DATA BLOCK:
┏━━

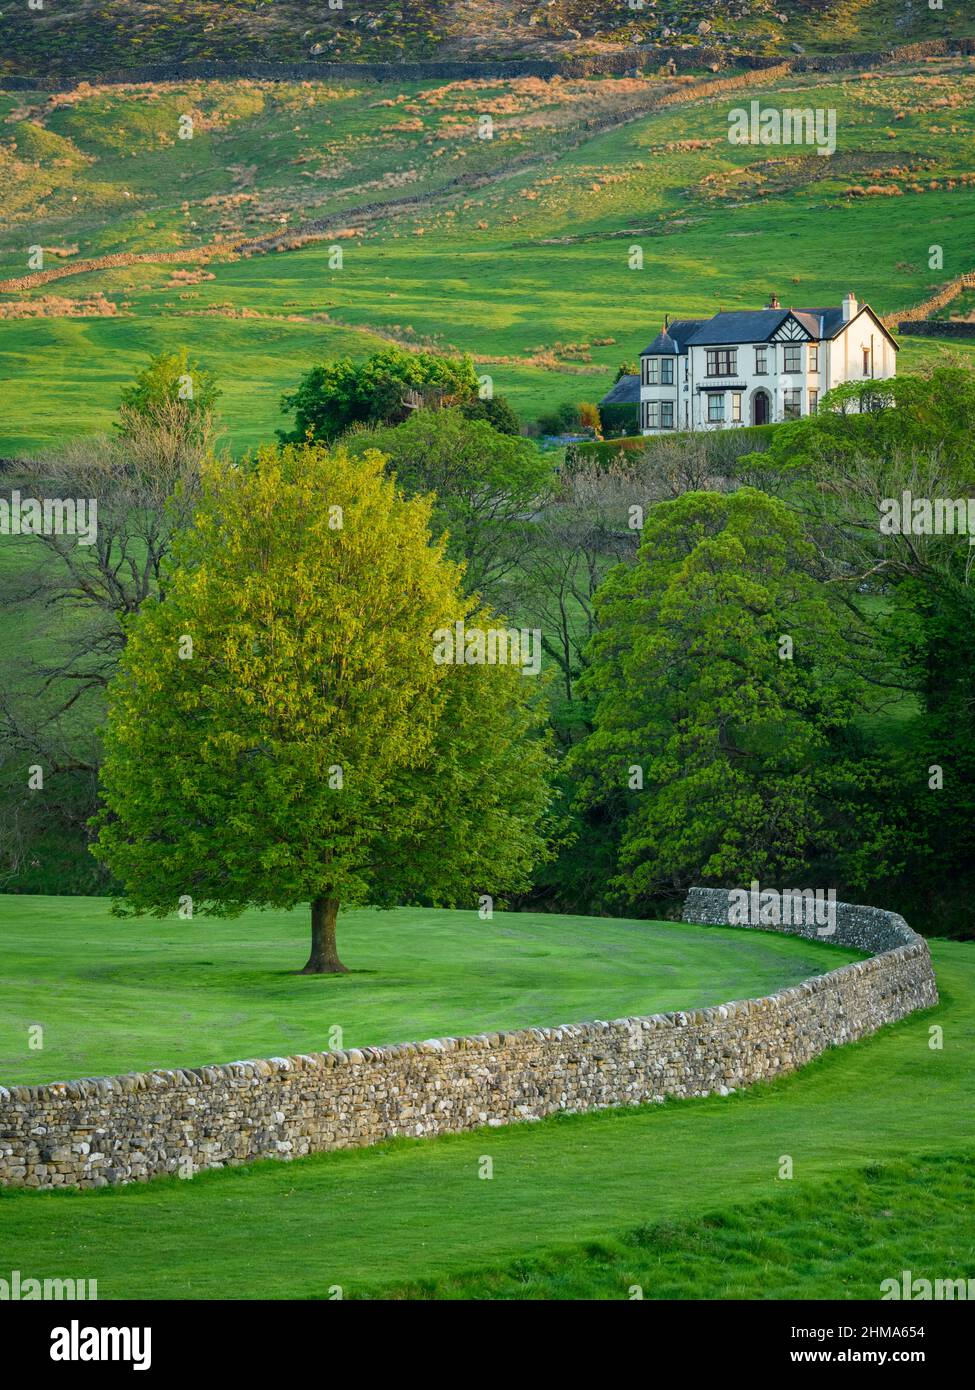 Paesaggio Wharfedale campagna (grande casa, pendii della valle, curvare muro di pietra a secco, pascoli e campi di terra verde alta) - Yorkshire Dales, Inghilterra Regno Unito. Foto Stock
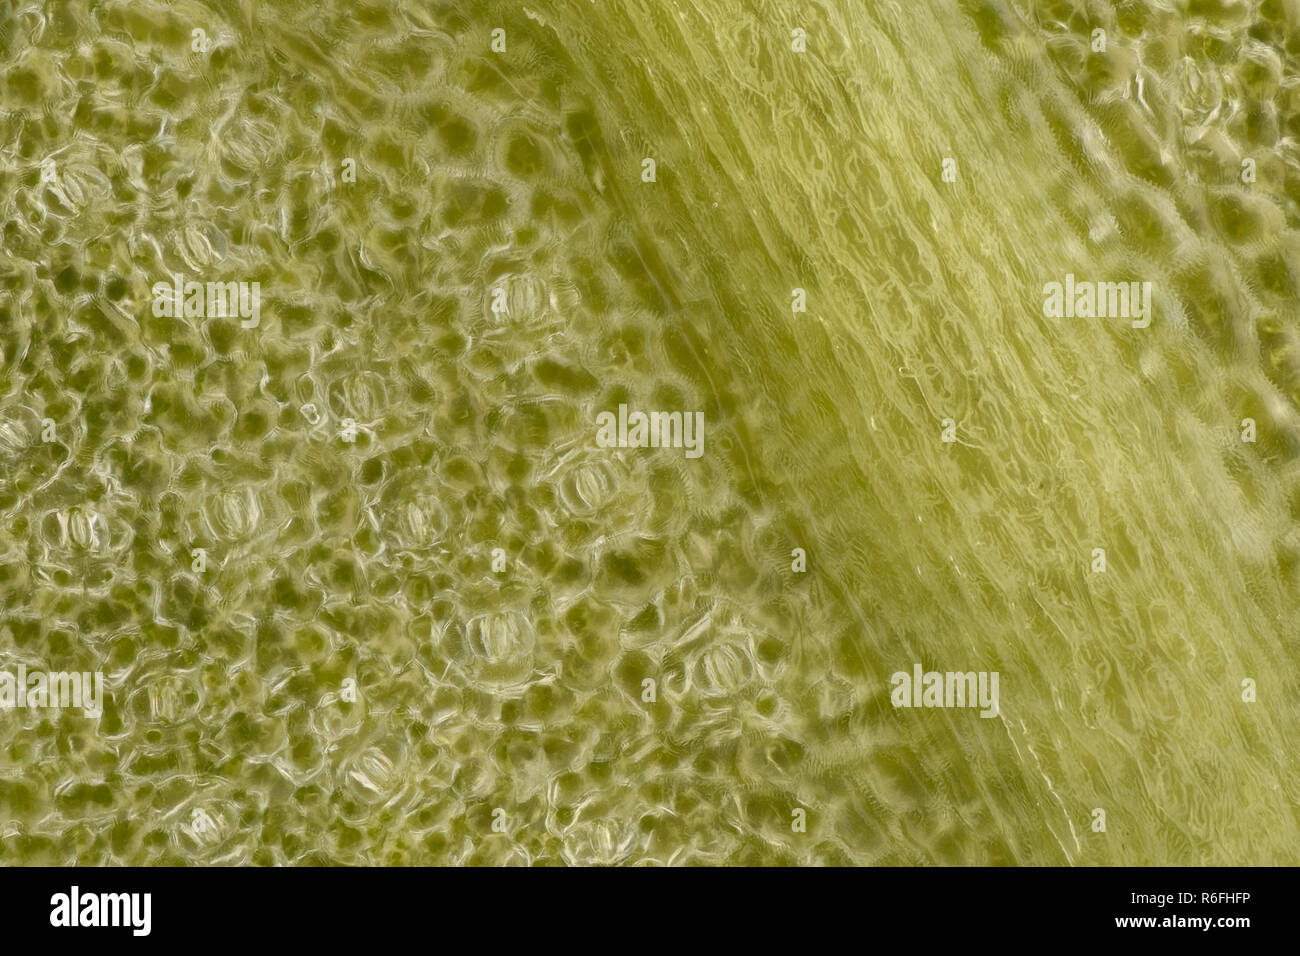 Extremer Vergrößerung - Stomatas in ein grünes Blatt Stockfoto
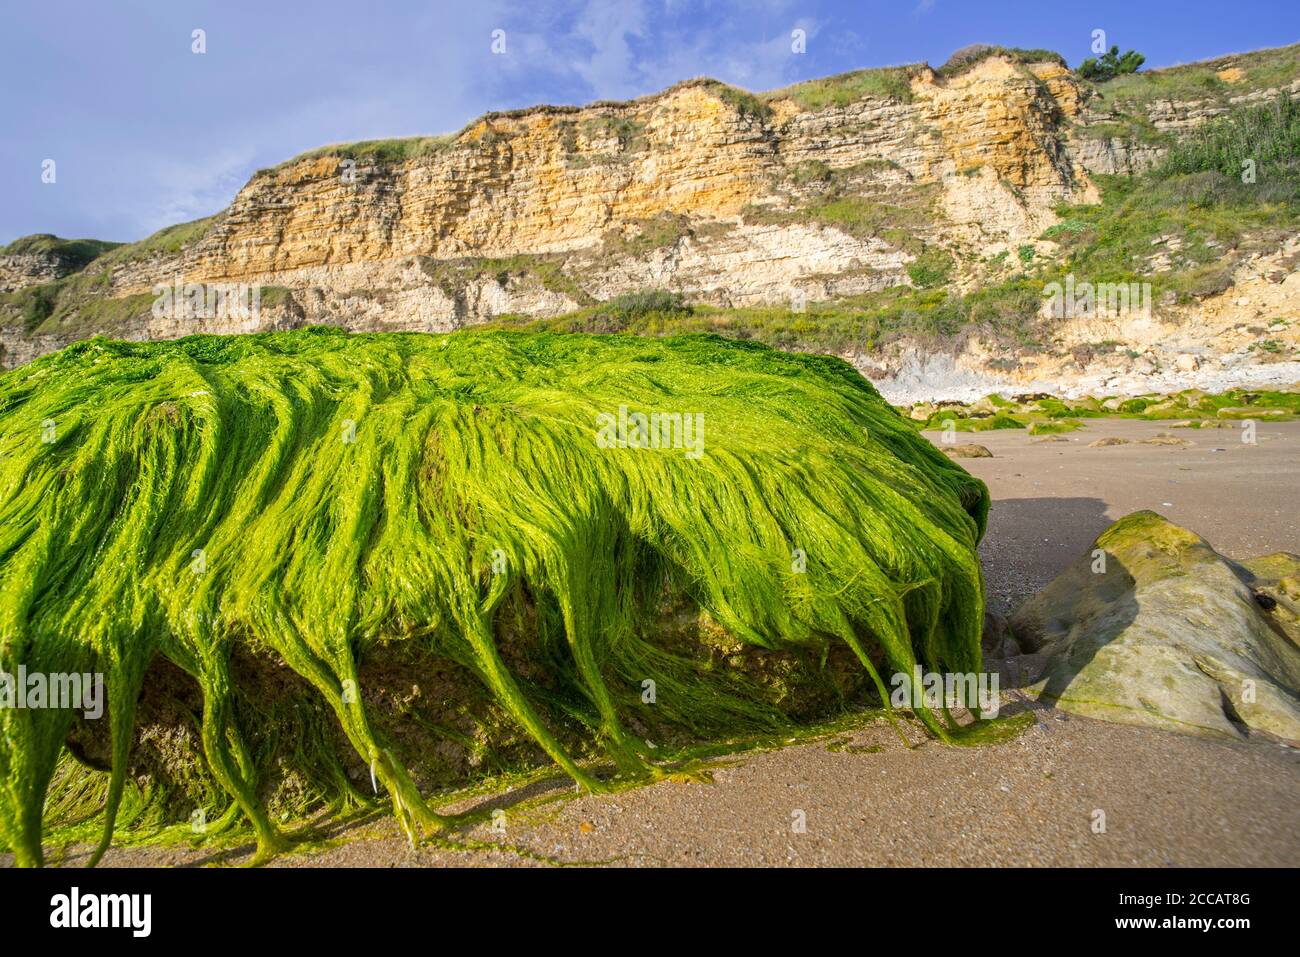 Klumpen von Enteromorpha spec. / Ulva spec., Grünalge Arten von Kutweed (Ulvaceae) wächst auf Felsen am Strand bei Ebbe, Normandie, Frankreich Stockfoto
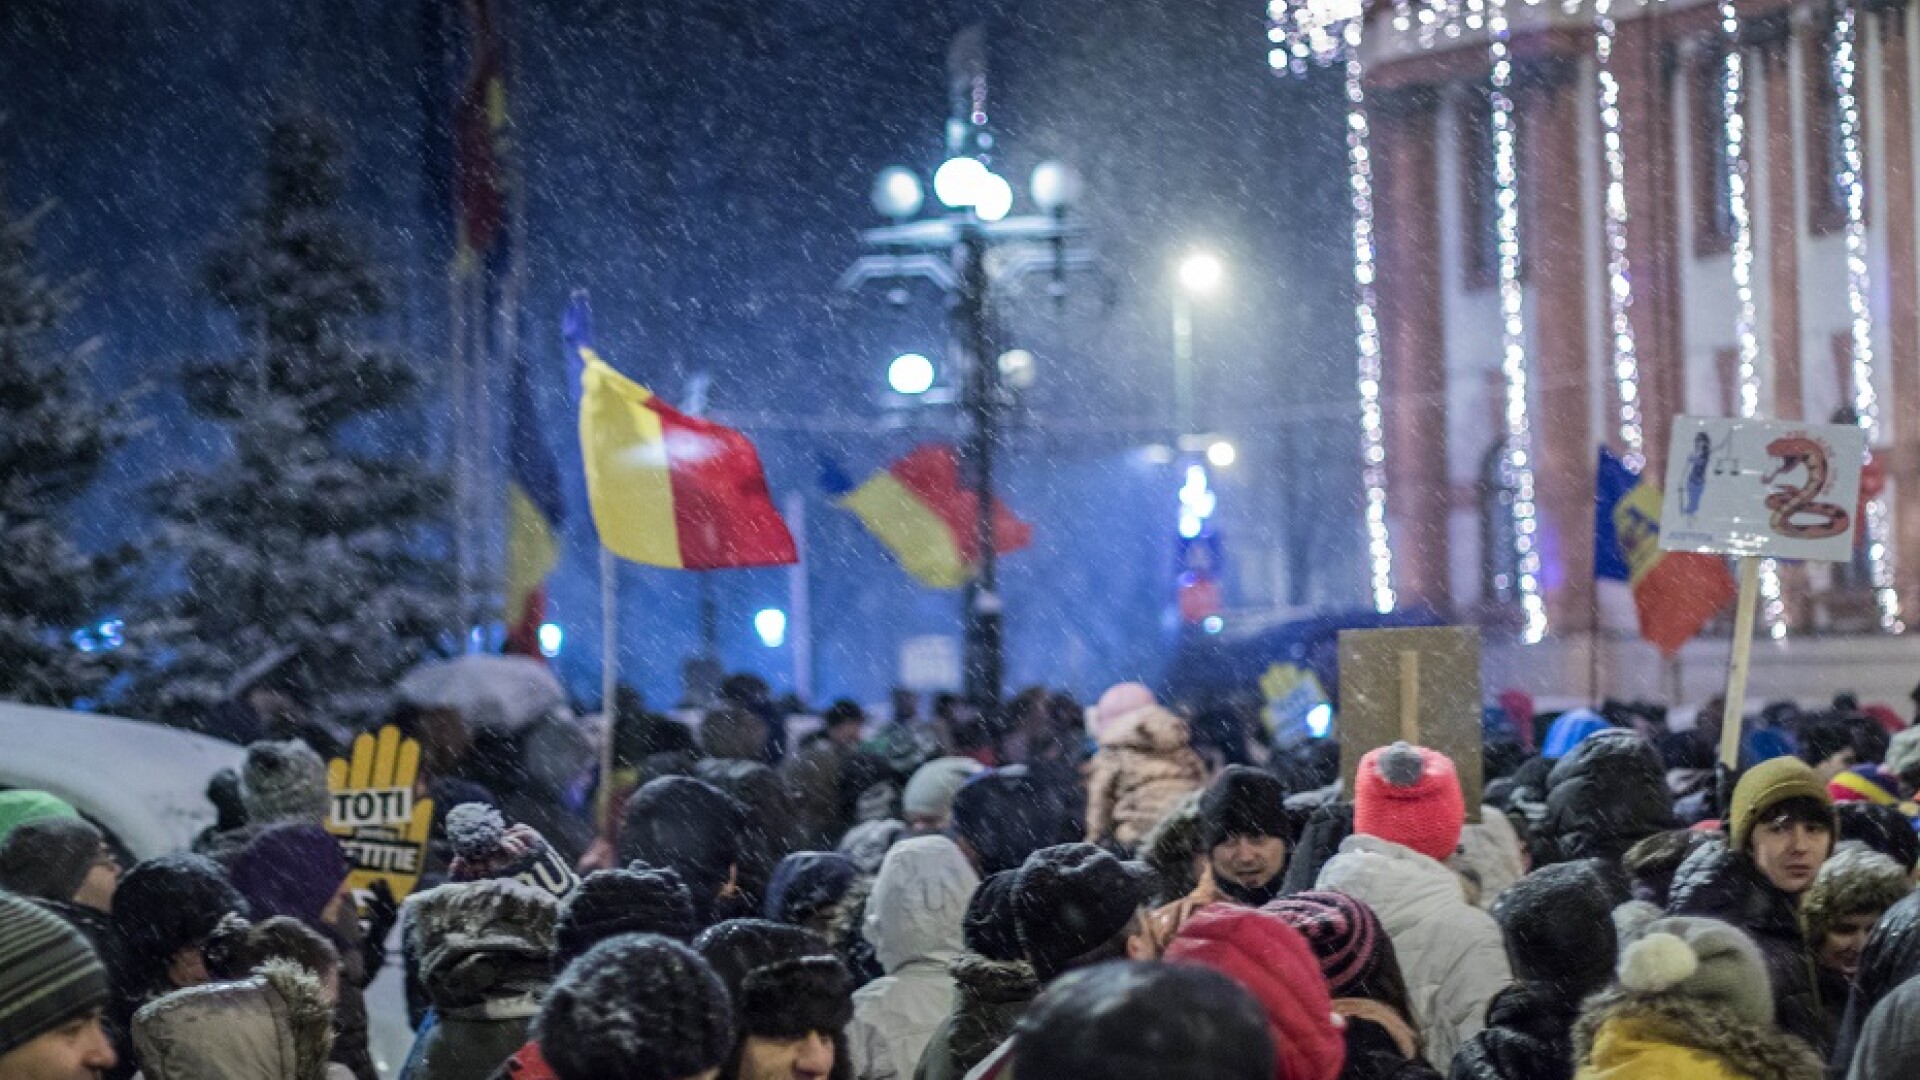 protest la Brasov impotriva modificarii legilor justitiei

┗━━

TASK REQUIREMENTS: Write out, word for word, only the lines from the one containing "Extremer Vergrößerung - Stomatas" to the end of the data above; the pictures stay out.

RESULT OF THIS TASK:
 Extremer Vergrößerung - Stomatas in ein grünes Blatt Stockfoto
 Klumpen von Enteromorpha spec. / Ulva spec., Grünalge Arten von Kutweed (Ulvaceae) wächst auf Felsen am Strand bei Ebbe, Normandie, Frankreich Stockfoto
 protest la Brasov impotriva modificarii legilor justitiei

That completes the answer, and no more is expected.